The Indian prime minister has ruled out a meeting with Pakistan's President Pervez Musharraf on the sidelines of a regional South Asian summit being held in the Nepalese capital, Kathmandu. A huge military build-up along the India-Pakistan border is keeping tensions high.
Just before departing for the regional summit in Kathmandu, Prime Minister Atal Behari Vajpayee reiterated his determination not to hold a dialogue with his Pakistani counterpart in Nepal.
The United States and several other countries have urged India and Pakistan to open talks and defuse the tense situation on the subcontinent, and many had hoped that the Kathmandu summit would provide an opportunity.
Mr. Vajpayee told reporters in the northern city of Lucknow, efforts are being made to avoid a war through diplomacy. But he said a suitable atmosphere for a dialogue would only be created when Islamabad ends what New Delhi calls cross border terrorism.
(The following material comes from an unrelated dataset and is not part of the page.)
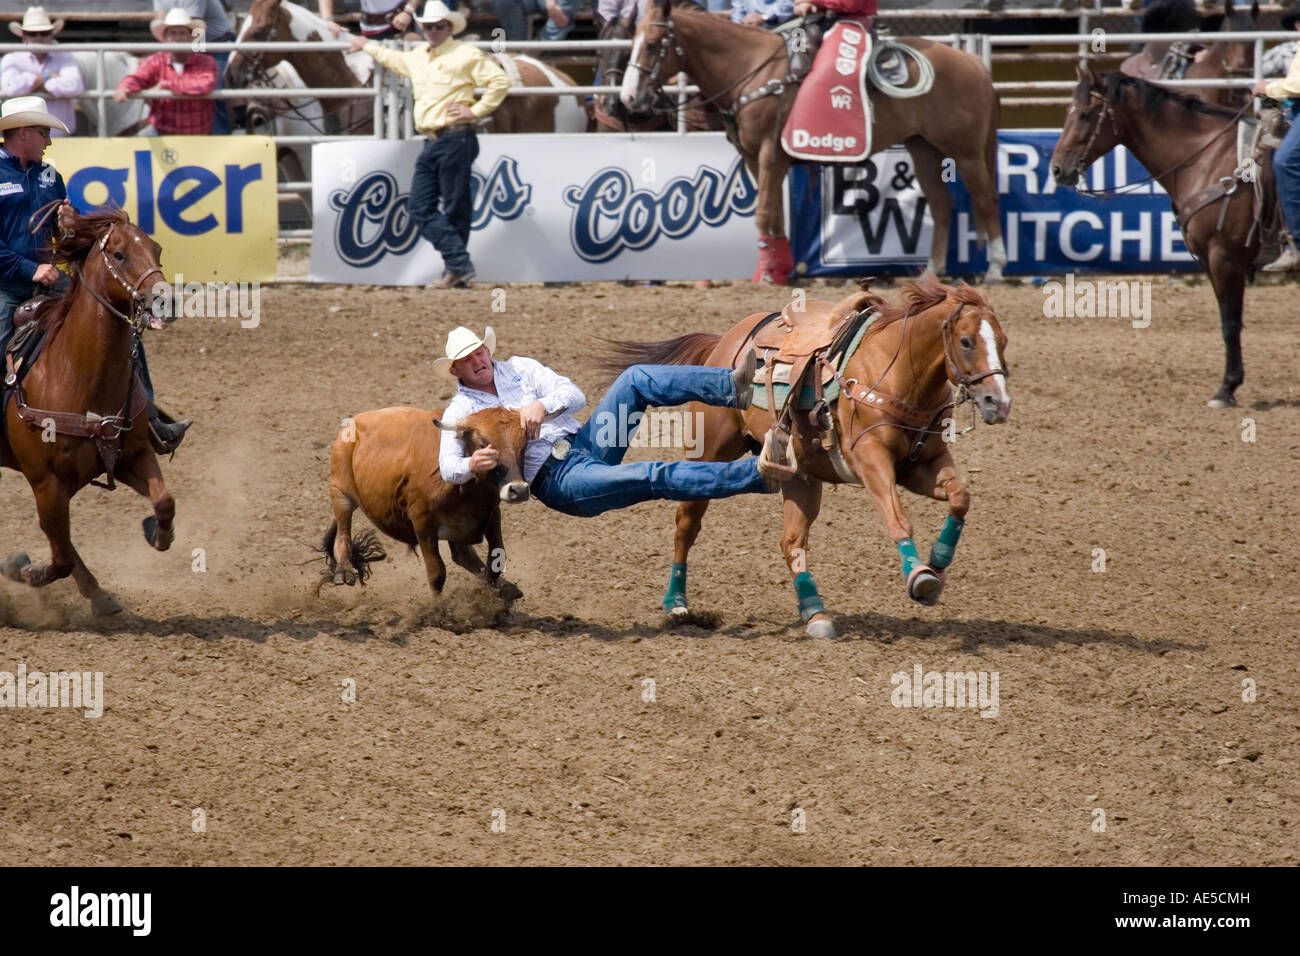 Cowboy Schiebetüren vom galoppierenden Pferd, Kalb bei den Hörnern in der Luft in Rodeo Steer wrestling Wettbewerb zu greifen Stockfoto
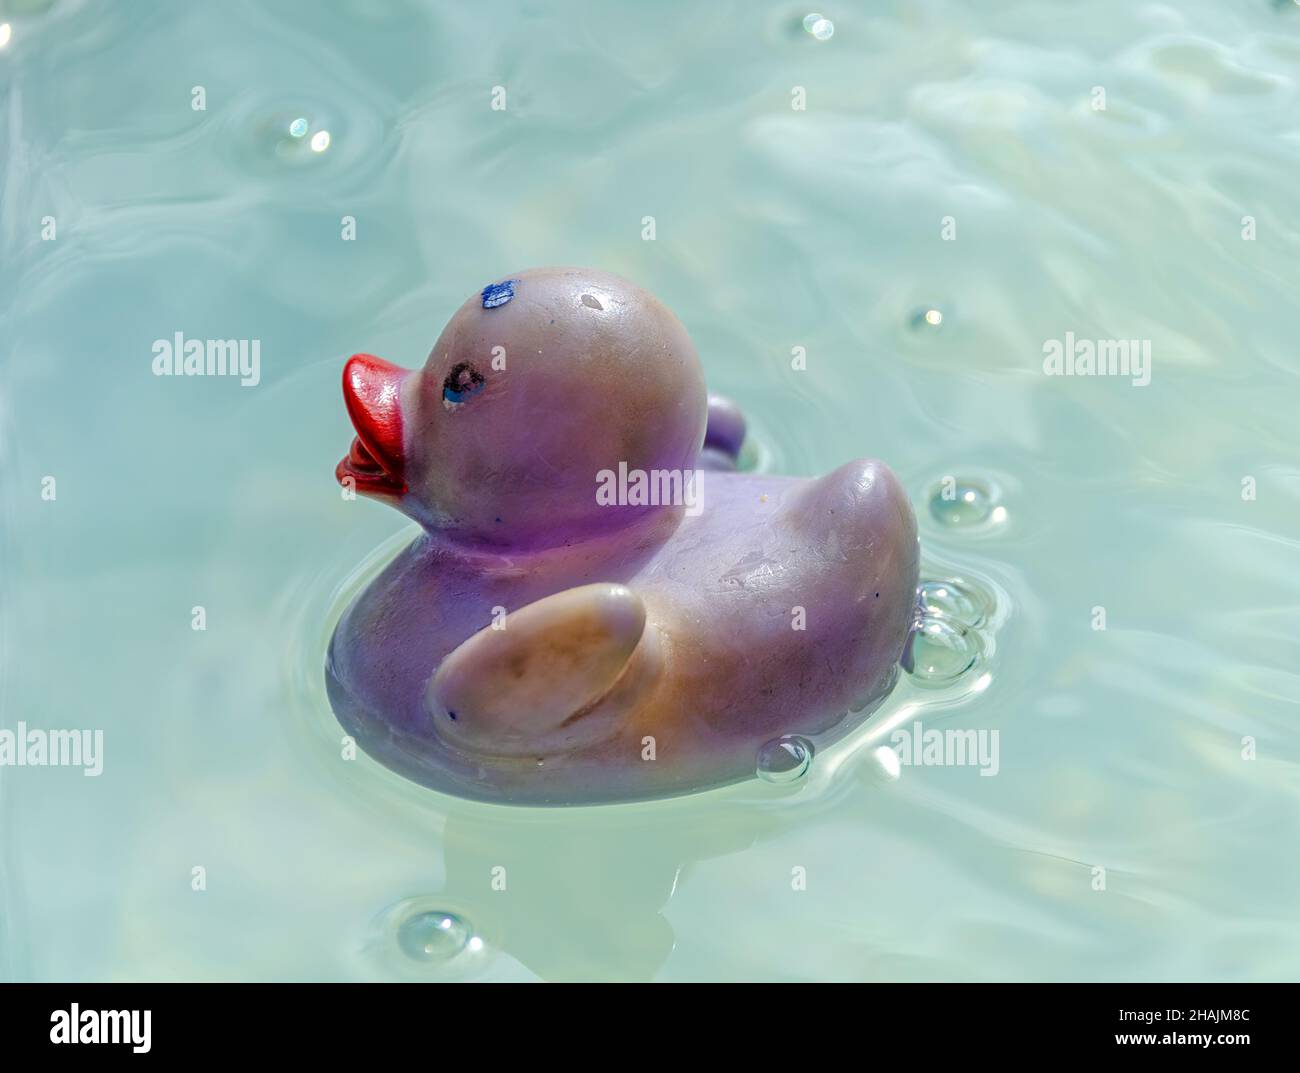 le canard en plastique aux couleurs décolorées tourbillonne dans l'eau de mer Banque D'Images

Mr. Vajpayee said Islamabad must prove that it is serious about cracking down on terrorism, and inform India about the steps it has taken against two Pakistan-based militant groups which allegedly attacked India's parliament, raising tensions between the two countries.
Pakistan has arrested the leaders of the two groups and detained about 100 Islamic militants, but rejected an Indian demand for the extradition of 20 alleged terrorists and criminals wanted by New Delhi unless India hands over evidence.
Both India and Pakistan have massed tens of thousands of troops along their common border in the last two weeks. New Delhi says it is keeping the option of military action open if Pakistan fails to end terrorism against India.
Fresh attacks in Indian Kashmir by suspected Islamic militants have added to the tensions. Indian police say Muslim militants have attacked an Indian army camp in Kashmir killing two soldiers. Wednesday, Islamic guerrillas lobbed two grenades near Kashmir's state assembly in Srinagar, killing a policeman, and one civilian.
The attacks came as the Jaish-e-Mohammad group threatened fresh attacks on Indian forces. This is one of the two groups that New Delhi says was involved in the attack on its parliament.
International efforts to defuse the tensions are rising. British Prime Minister Tony Blair travels to India and Pakistan in the coming days on a trip arranged before tensions in the region flared. However efforts to thaw the latest crisis between India and Pakistan are now likely to top Mr. Blair's agenda.
Meanwhile, Indian and Pakistani forces continued to trade fire along their volatile border. This has become almost a daily feature since tensions rose. Indian officials say four Pakistani soldiers were killed in the latest exchange of gunfire.